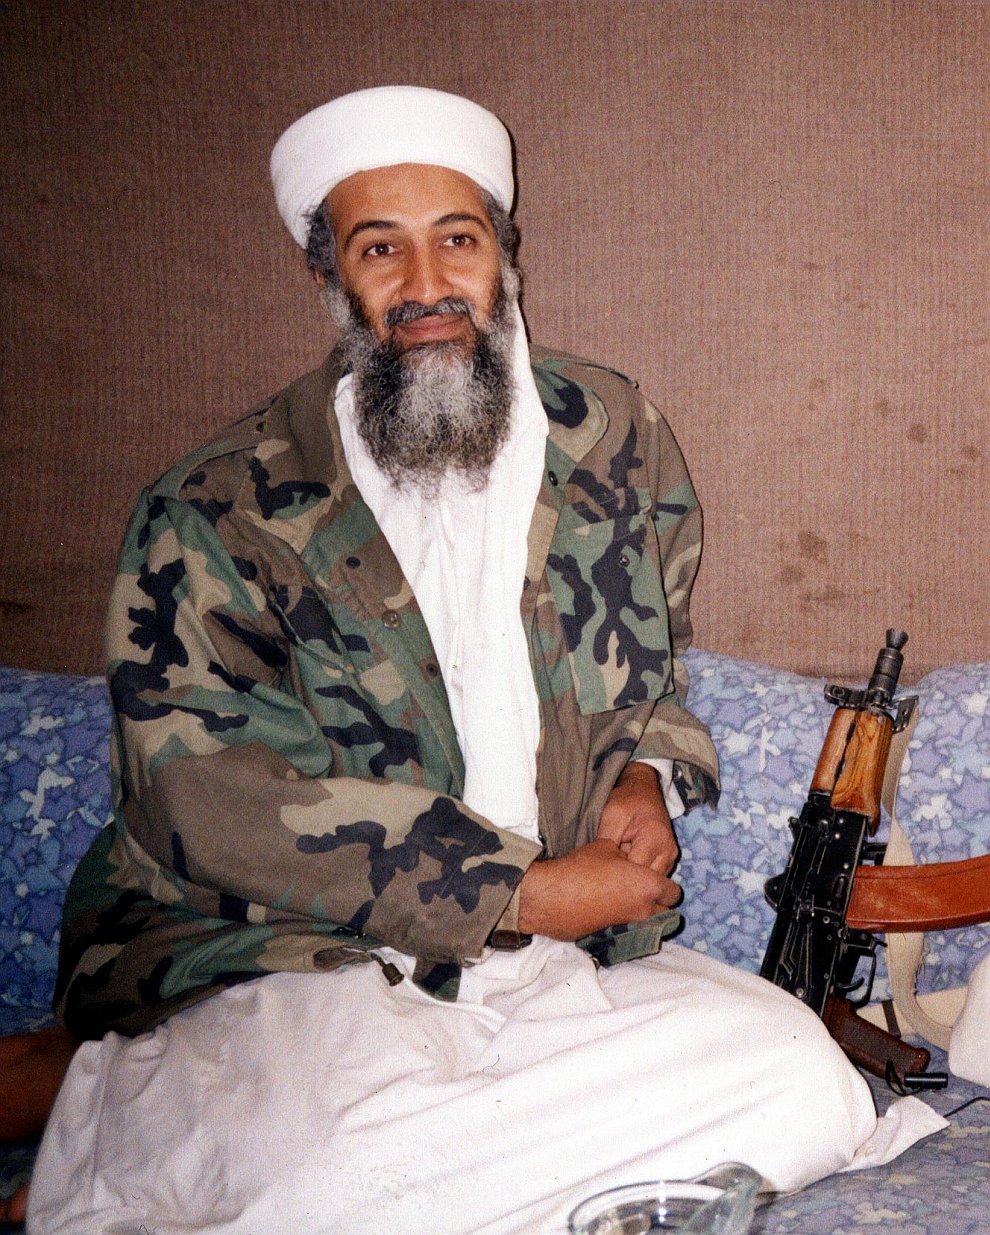 Усама бен Ладен ликвидирован: реакция в мире
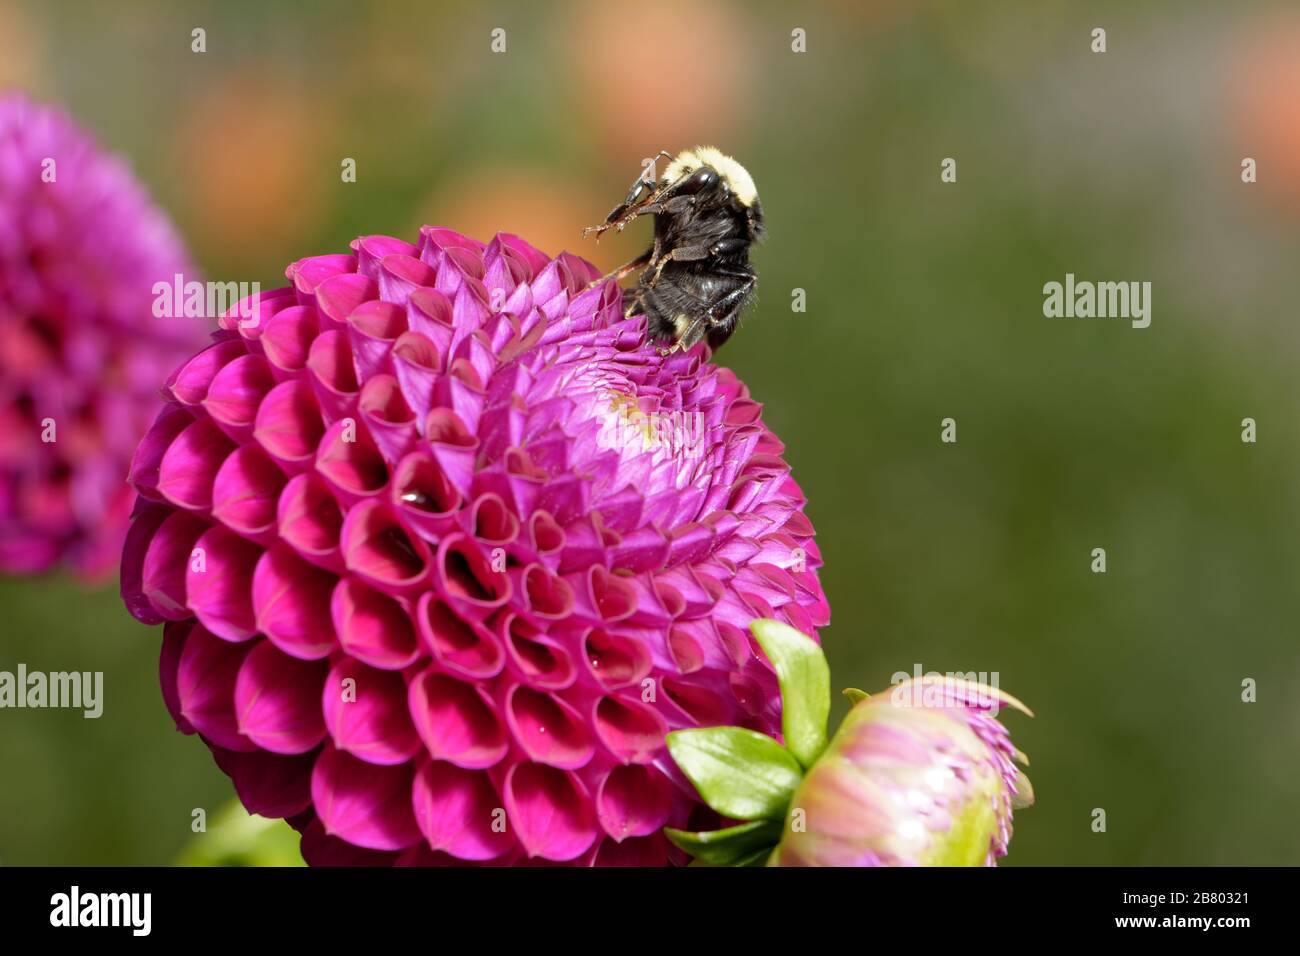 Une abeille Bumble à face jaune (Bombus vossnesenskii) repose sur ses pattes arrière au sommet d'une belle boule rose foncé Dahlia. Banque D'Images
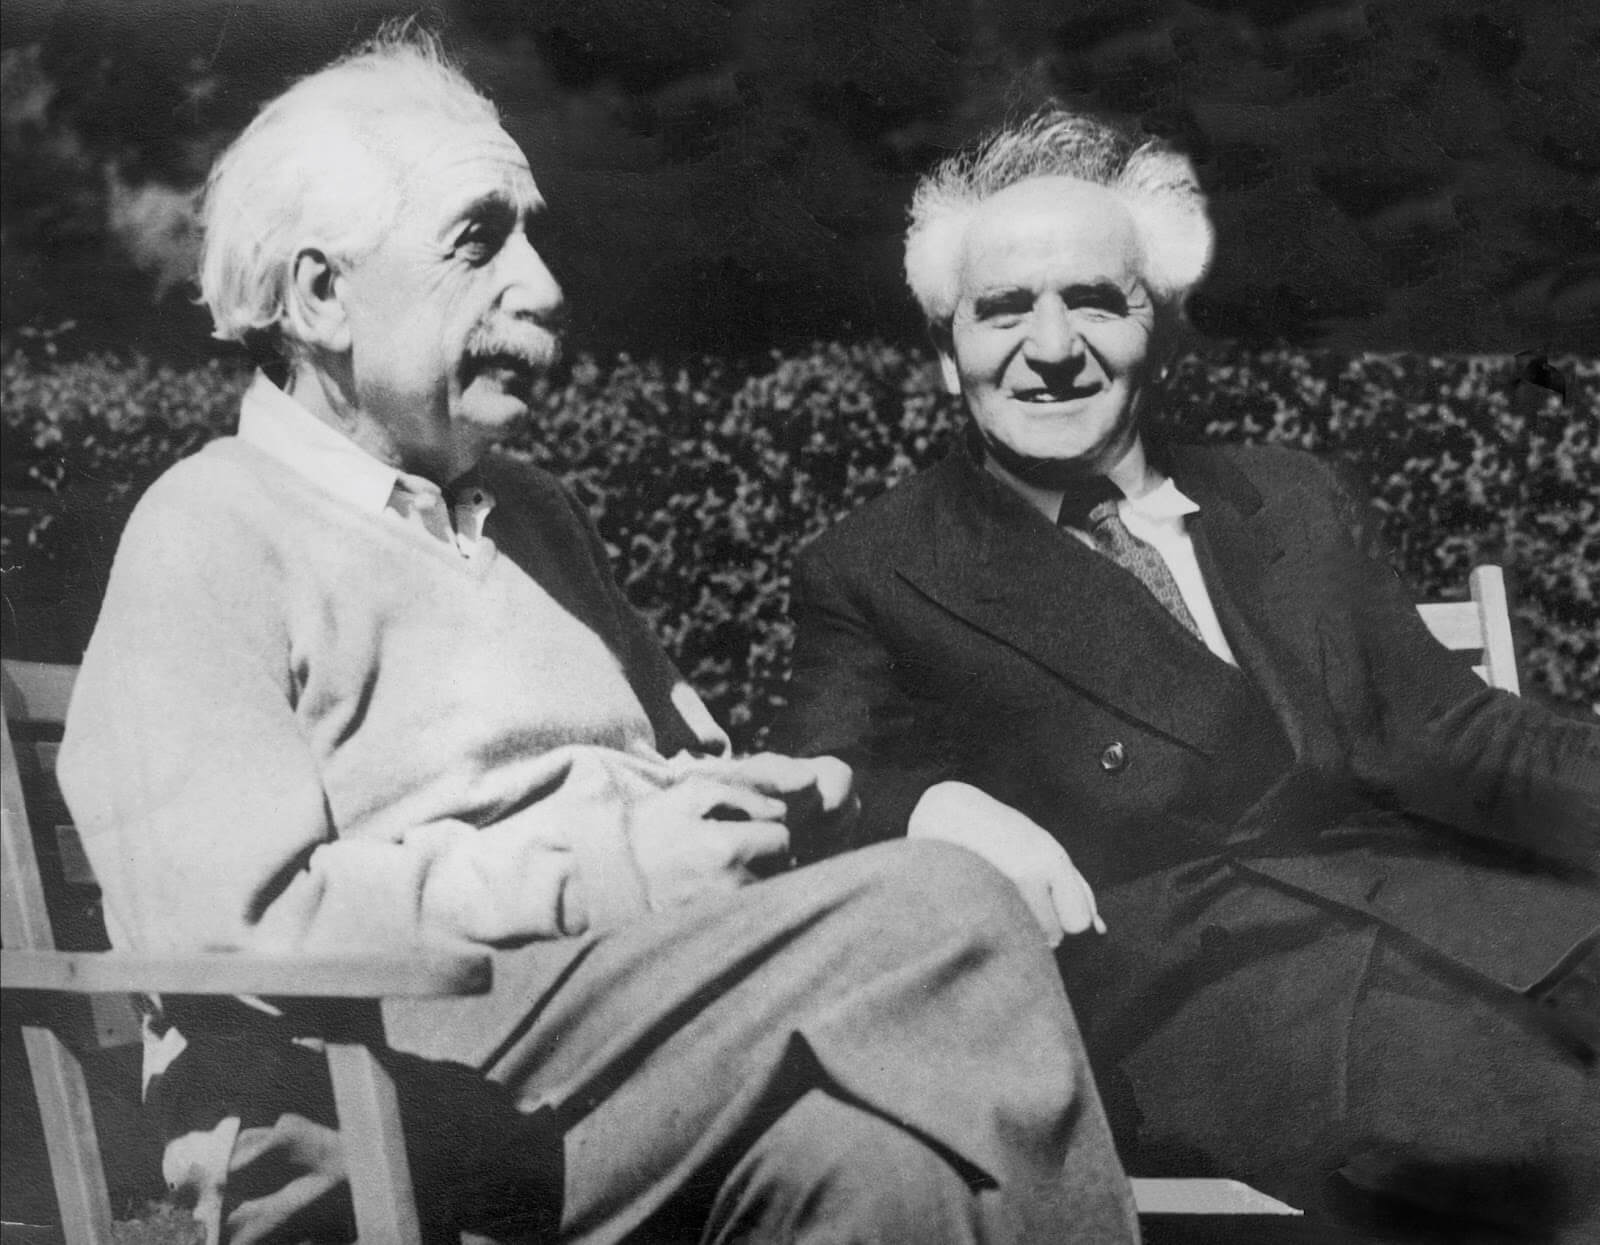 דוד בן גוריון, ופרופ' אלברט איינשטיין בשנת 1948. צילום: לע"מ. לאחר מותו של חיים ויצמן הציע בן גוריון לאיינשטיין להיות הנשיא השני אך זה סירב.

_____

To do: Could you output the listing word for word, omitting every picture?

Exercise output:
 Усама бен Ладен ликвидирован: реакция в мире
 Une abeille Bumble à face jaune (Bombus vossnesenskii) repose sur ses pattes arrière au sommet d'une belle boule rose foncé Dahlia. Banque D'Images
 דוד בן גוריון, ופרופ' אלברט איינשטיין בשנת 1948. צילום: לע"מ. לאחר מותו של חיים ויצמן הציע בן גוריון לאיינשטיין להיות הנשיא השני אך זה סירב.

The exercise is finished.